=== WORK ORDER ===
Nothing outside the lines below from the one containing "Teaching Non-Jews' Holocaust" through the one containing "Lyst - Adidas" is to be printed; print those exactly, ends included, and drop the pictures.

=== RECORDS ===
▬▬▬

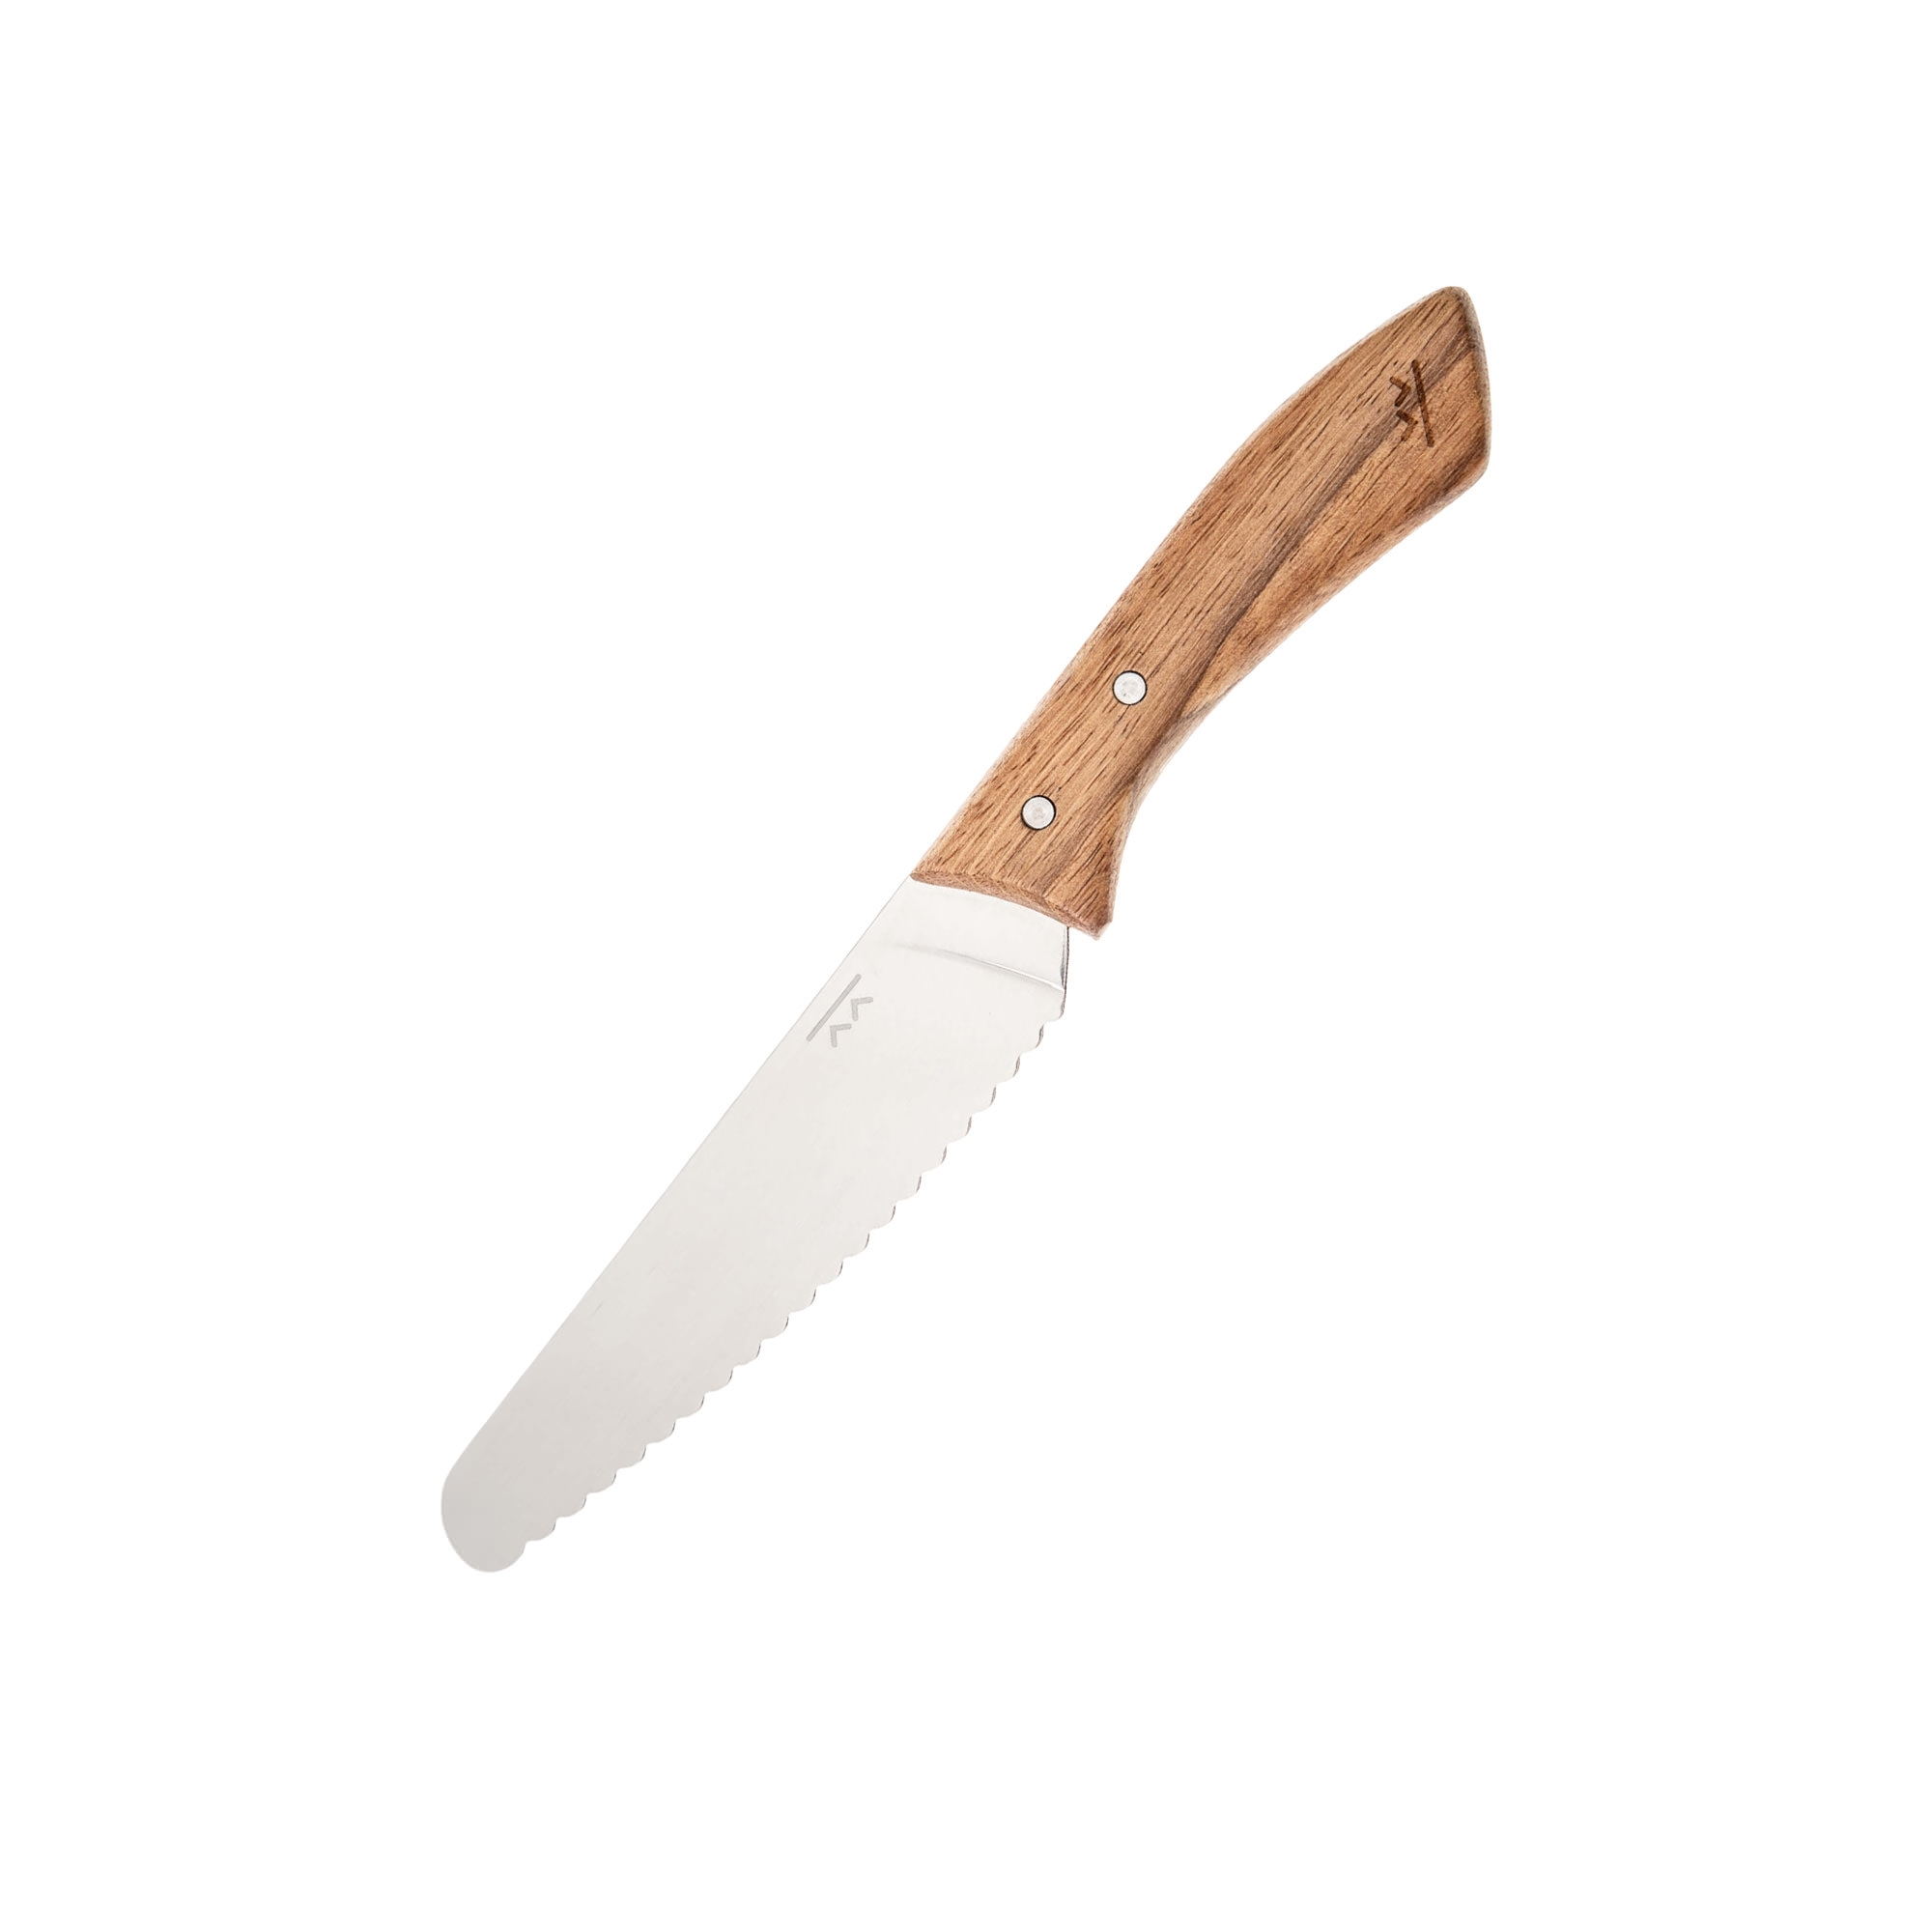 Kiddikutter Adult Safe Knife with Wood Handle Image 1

▬▬▬

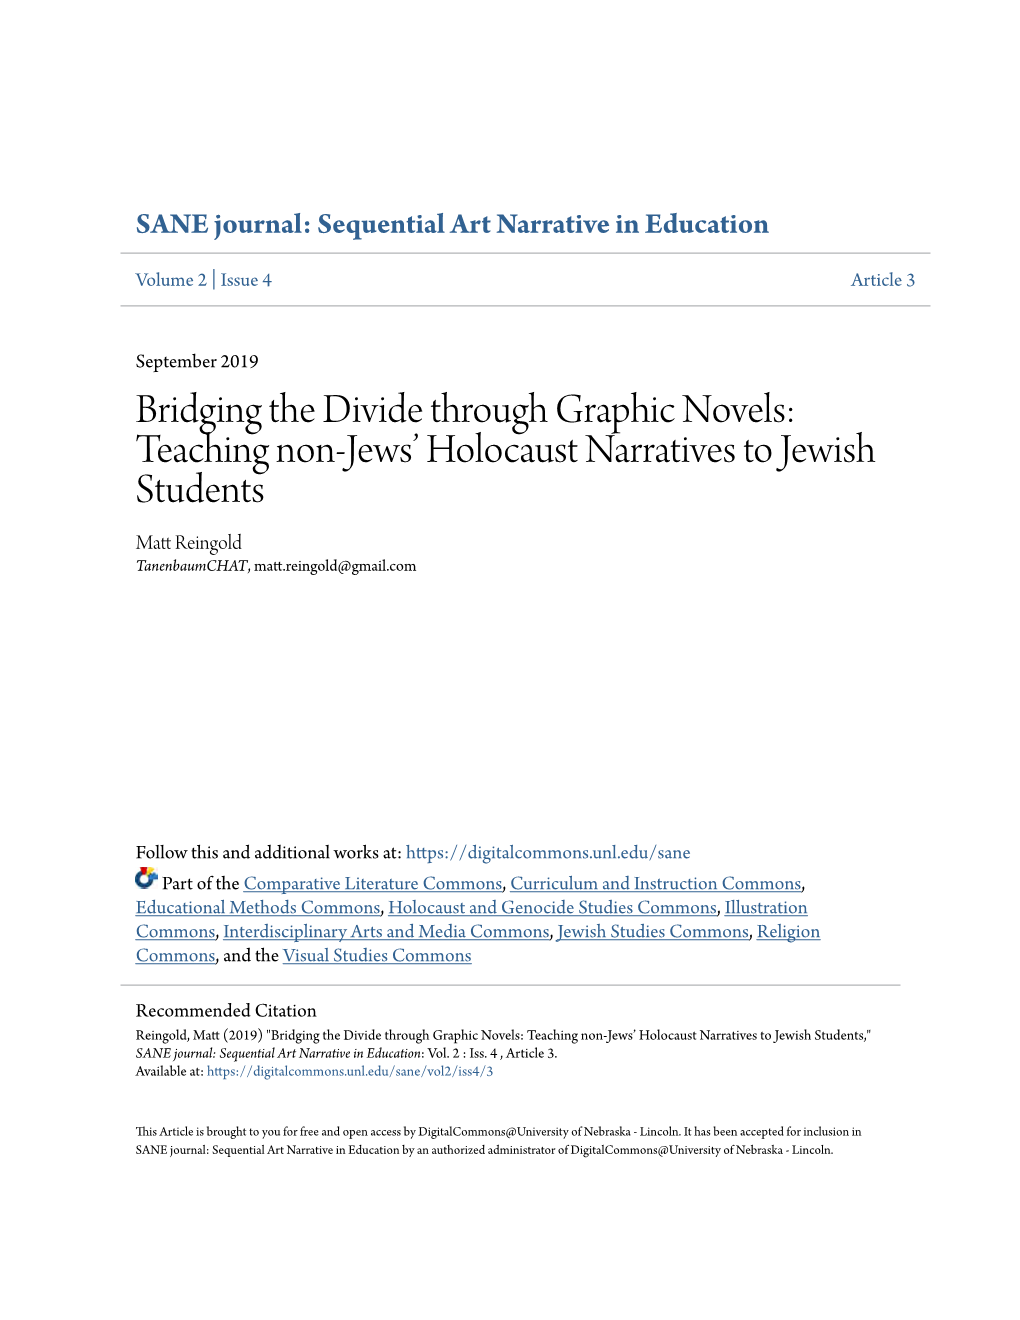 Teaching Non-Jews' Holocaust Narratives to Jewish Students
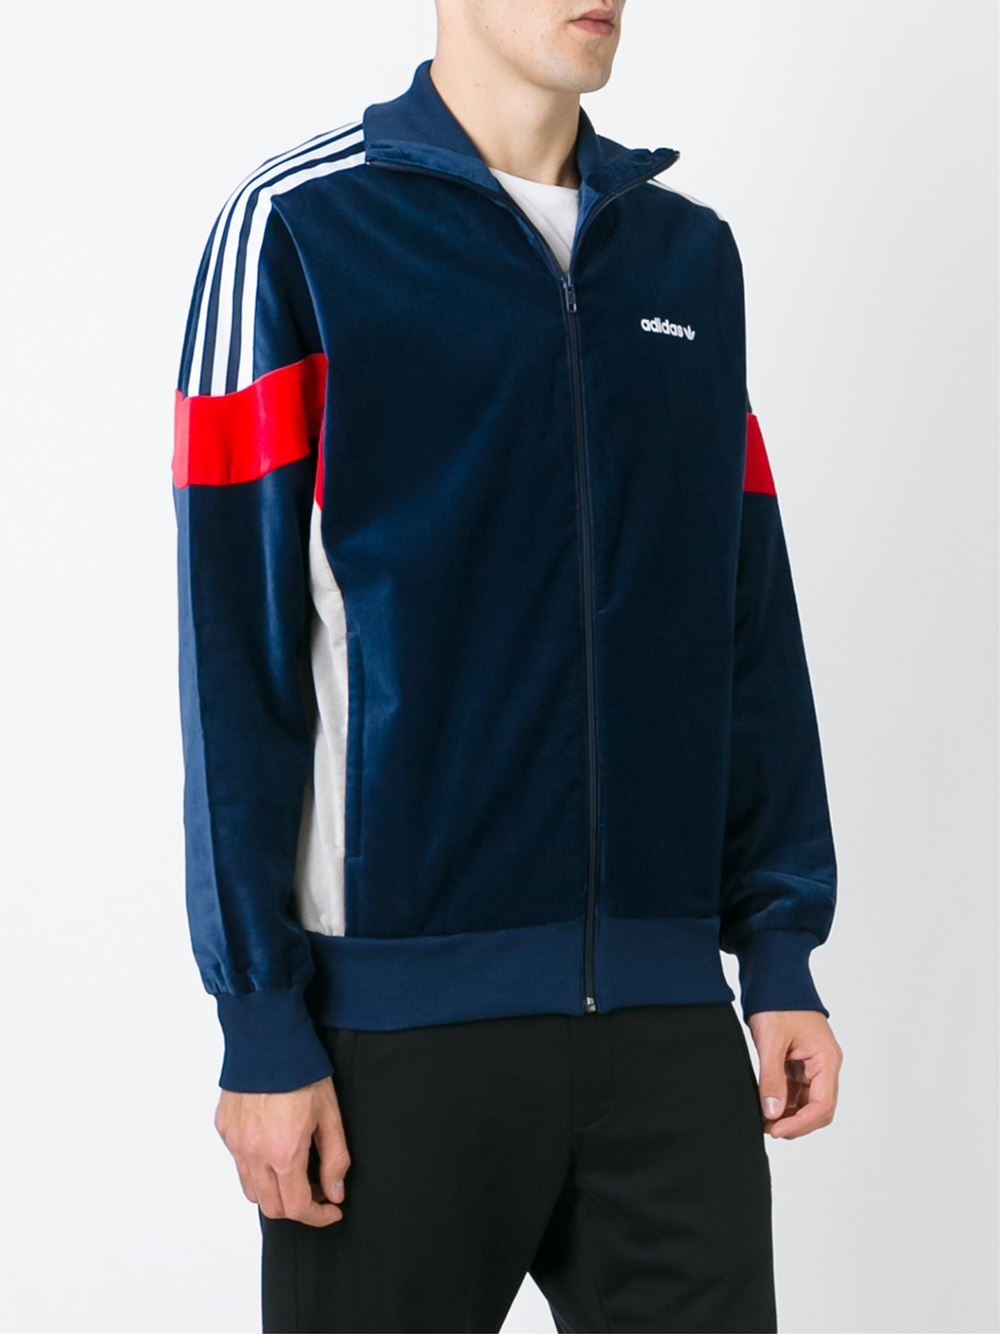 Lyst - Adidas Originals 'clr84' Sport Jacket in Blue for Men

▬▬▬

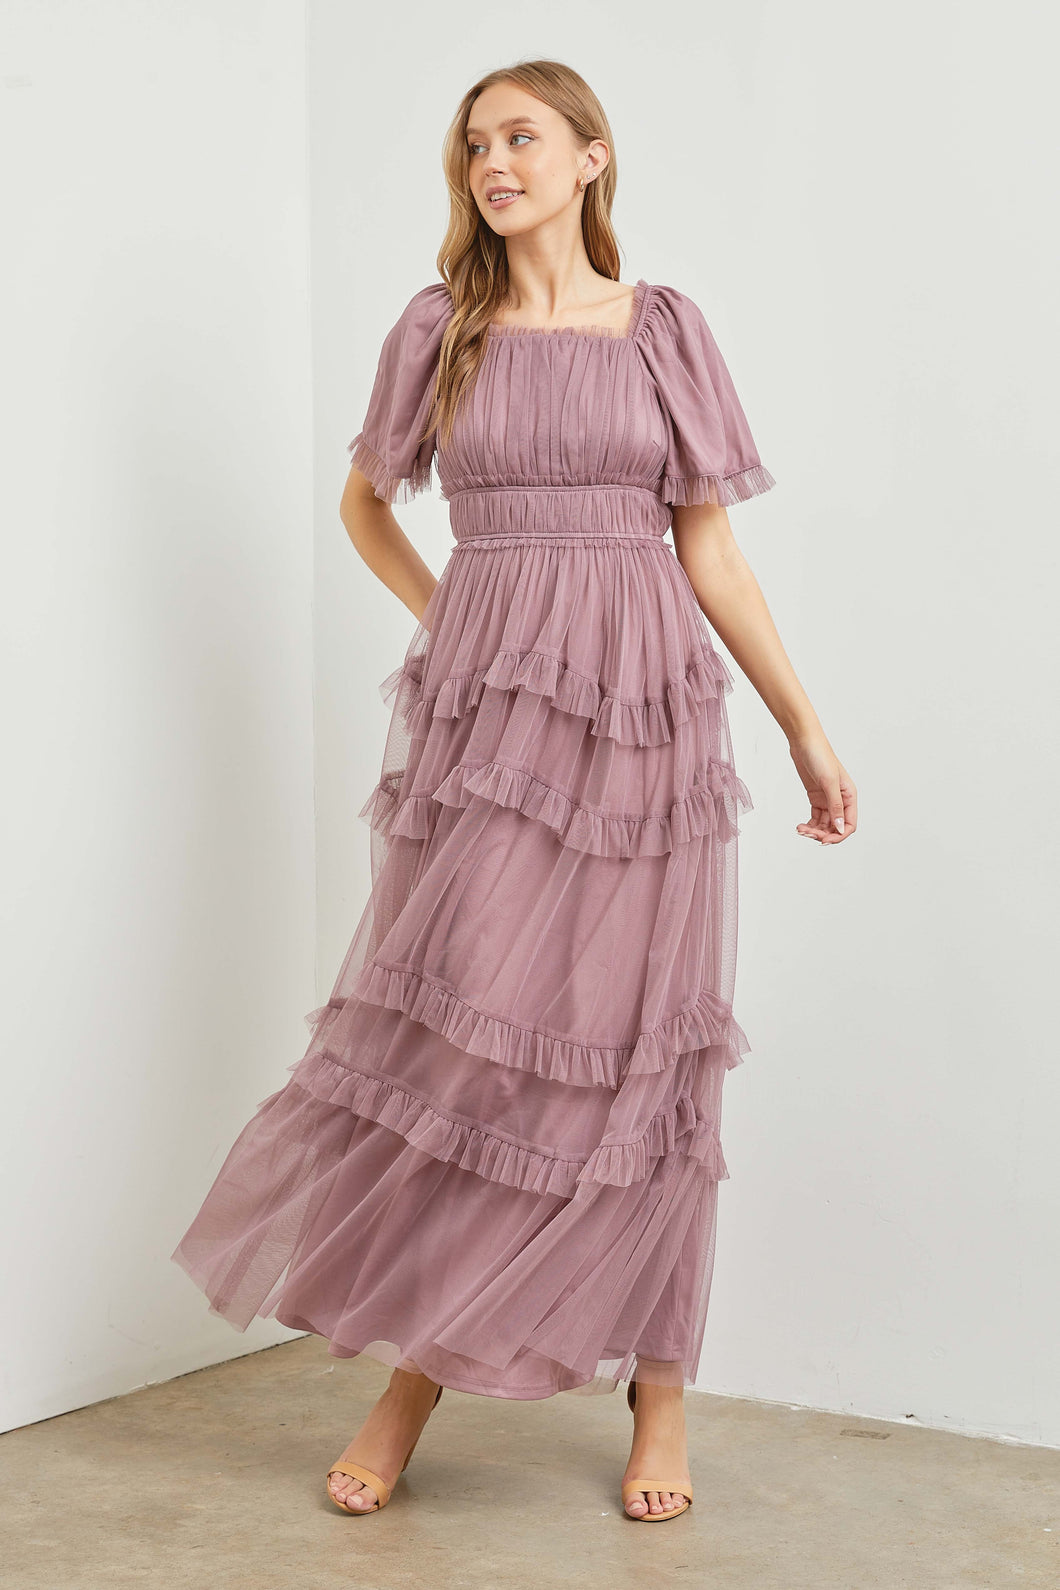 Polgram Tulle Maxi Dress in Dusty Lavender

▬▬▬

=== RESULT ===
 Teaching Non-Jews' Holocaust Narratives to Jewish Students
 Lyst - Adidas Originals 'clr84' Sport Jacket in Blue for Men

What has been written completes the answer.